Indeed, compounds that have antiviral activity against all viruses
are typically poisons, as viruses have specificity responses due to
their unique modes of activity, infection, RNA and DNA
compositions, transcriptomes and receptor fields on their
membranes. Current thinking is there are more species of viruses on
earth than all the species of fungi, plants and prokaryotes
combined! And a universal antiviral is likely to kill off many
beneficial viruses--a nascent subfield in virology. Hence, it is
not obvious nor a medically justifiable theory that a hit against
one virus means the same compound will be against all the species
in the virome.
[0045] As viruses mutate and develop tolerances to antiviral
medicines, the search for, discovery, and identification of new
antiviral molecules is a priority for mitigating pandemics, whether
natural or human-made. To this end, the inventor and his team have
discovered that aqueous ethanolic extracts of the mycelia of
polypore mushrooms native to the forests of the Pacific Northwest
demonstrate remarkable activity in the standard assays for
evaluating anti-flu, anti-herpes and anti-smallpox drugs.

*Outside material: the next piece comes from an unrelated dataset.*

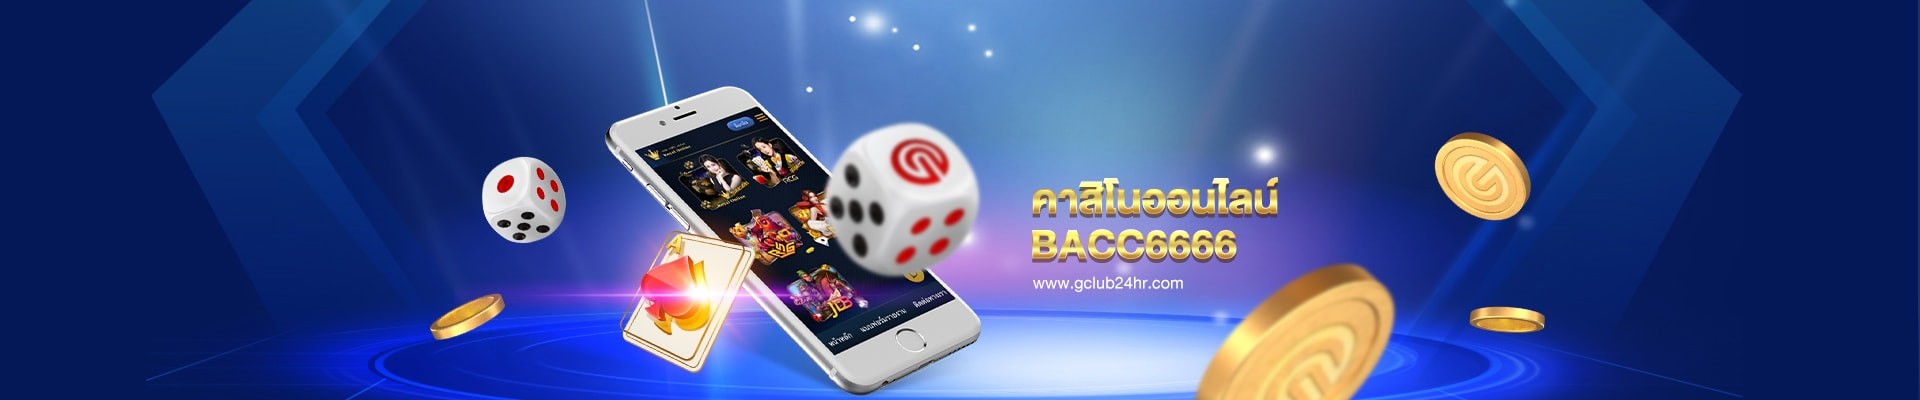 gclub24hr_casino_online_bacc6666
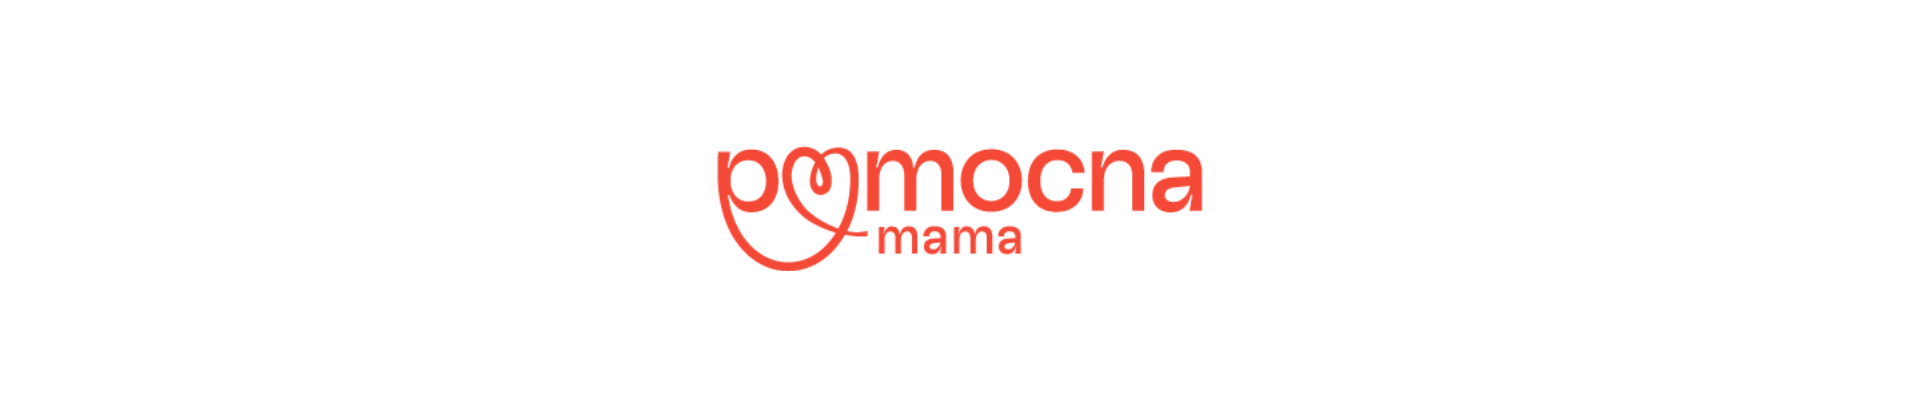 Pomocna mama logo

Particularly strong activity was noted against influenza viruses A
and B.
[0046] Following the Project BioShield Act of 2004, Fungi Perfecti,
LLC submitted over 200 hot water fruitbody and aqueous ethanolic
extracts of the in vitro grown mycelia of mushroom species and
strains within to the BioShield BioDefense Program administered by
the U.S. Army Medical Research Institute of Infectious Diseases
(USAMRIID) and the National Institutes of Health (NIH). Submitted
samples were screened for antiviral activity coordinated through
the Southern Research Institute (SRI). From the more than 200
samples the inventor provided to BioShield, 2,392 antiviral assays
were performed on behalf of the inventor; 1,042 of which were
influenza tests. From these 1,042 tests, 13 samples had
SI.sub.50>100, about a 1.2% success rate against any virus.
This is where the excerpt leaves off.